Quel 100 mètres ! Incroyable, historique, cauchemardesque !
A cette cascade de superlatifs concernant le déroulement de l’épreuve reine des championnats, il faut y accoler pour ce qui est du ressentiment du public un sentiment mêlé d’amertume et de frustration. De tous les scénarii échafaudés personne n’avait osé imaginer celui incluant un faux départ d’Usain Bolt.
Tout simplement parce que l’athlète jamaïcain supporte à lui seul le poids écrasant de toute une discipline. Or Bolt n’est qu’un homme, certes génial et facétieux mais aussi faillible comme tous les autres. Et depuis son éclosion au plus haut niveau on avait tendance à négliger ce dernier point.
Aujourd’hui, j’en entends quelques uns, qui hier encore criaient au génie, critiquer la décontraction avec laquelle Usain se présente dans les blocks et assure le spectacle sur la piste. Une partie de l’opinion, on le sait, est versatile et toujours prompte à déboulonner les idoles.
C’est pourquoi avec un minimum de recul, il convient de relativiser la fragilité supposée de la poutre maîtresse qui soutient l’édifice athlétisme. Bolt tant en série qu’en demie a montré qu’il n’avait rien perdu de sa prestance et de sa vélocité. Ce crime de lèse majesté dont certains l’accusent, tous les seigneurs du sprint l’ont commis au moins une fois avant lui.

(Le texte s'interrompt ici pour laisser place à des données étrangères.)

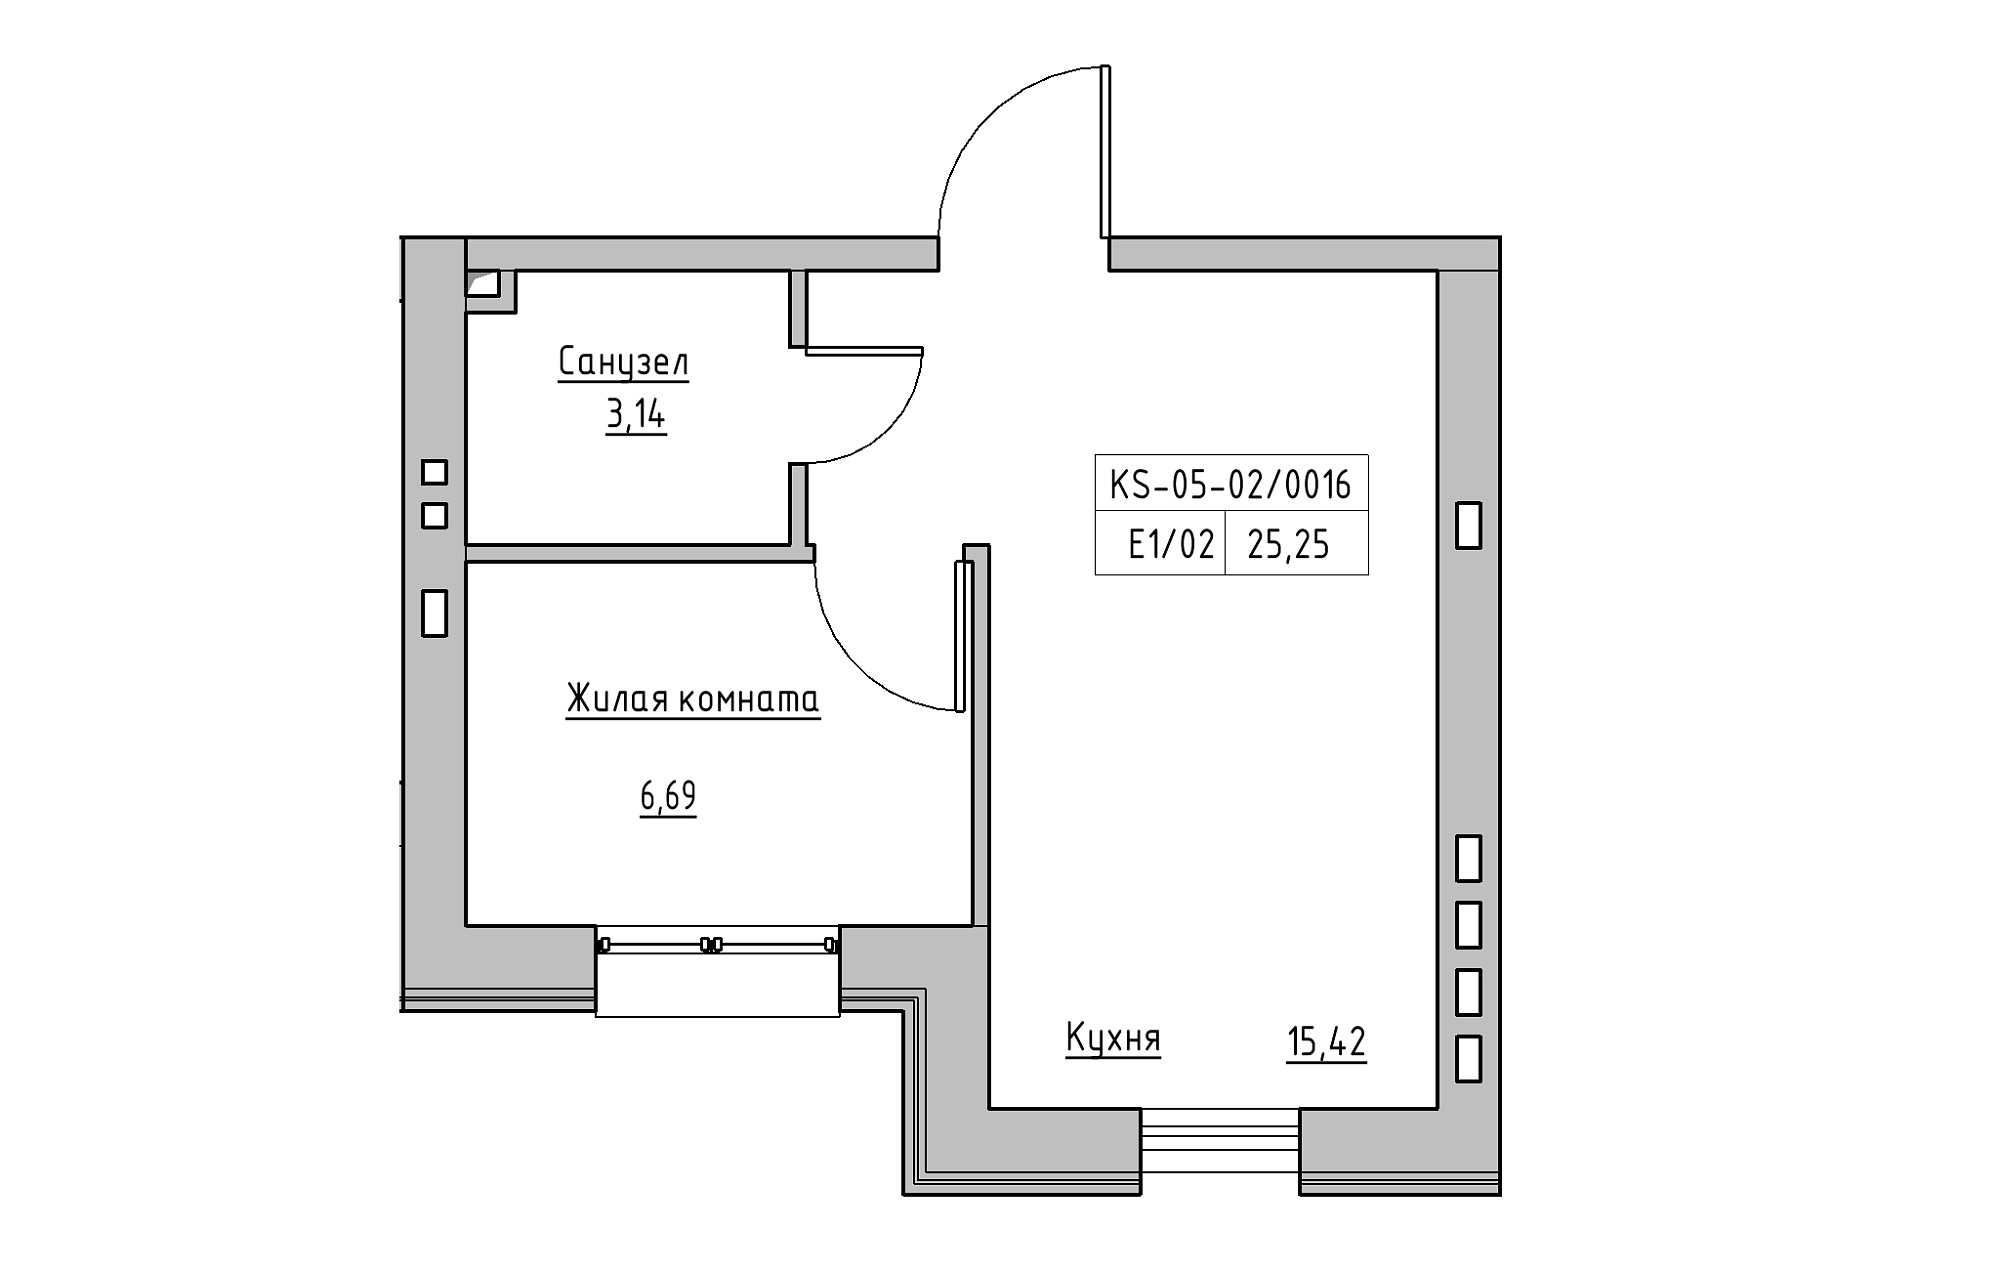 Planning 1-rm flats area 25.25m2, KS-005-05/0016.

Et si personne alors ne leur en avait fait le grief, c’est parce qu’à l’époque l’athlétisme n’était pas dépendant d’une seule de ses stars. Là réside toute le problème d’une discipline jadis phare. Et l’IAAF ferait bien de se pencher sur la question pour stopper l’érosion annoncée, car Usain aussi génial et bankable soit-il n’est ni faillible ni immortel.
Un jour, sans doute encore lointain, lorsque ses performances stagneront, il lui faudra passer la main. A Yohann Blake net vainqueur d’une course de dupes à Daegu ? Pourquoi pas ?
Le gamin qui ne manque pas de talent, est jamaïcain lui aussi. Il s’entraîne avec le maître et tente laborieusement d’assimiler ses mimiques et sa posture. Hier c’était encore un peu tôt d’où le sentiment de frustration d’amertume ressenti par la planète sport.
Amertume doublée de frustration dans le camp français. Tous les ingrédients étaient pourtant réunis pour ce rendez vous avec l’histoire. Pour la première fois deux bleus étaient invités au banquet des rois.
La course s’annonçait somptueuse. On se prenait à rêver de l’impensable. Et puis Bolt a trébuché et le soufflé d’un seul coup est retombé. La finale devenait un galop ordinaire privée de ses purs sangs car derrière la défection de Bolt affleuraient celles de Gay et de Powell.
Christophe Lemaître était du coup un médaillé en puissance, propulsé du rang d’outsider à celui de favori. La charge immense qui pesait sur les épaules de Bolt retomba d’un seul coup sur les siennes. Il eut beau aller chercher de l’air au plus profond de lui, rien n’y fit. Il étouffait.
Christophe échoua au pied du podium qui s’offrait et longtemps après il garda un goût d‘amertume au fond de sa gorge.
Avait-il raté la course de sa vie ? Certes non ! Il venait simplement d’enrichir son vécu. Et comme dans la fable, c’est sûr, on ne l’y prendrait plus.
Christophe comme Usain nous donnaient implicitement rendez vous sur 200 mètres. Pour une revanche, l’expression sur la piste de leur immense talent.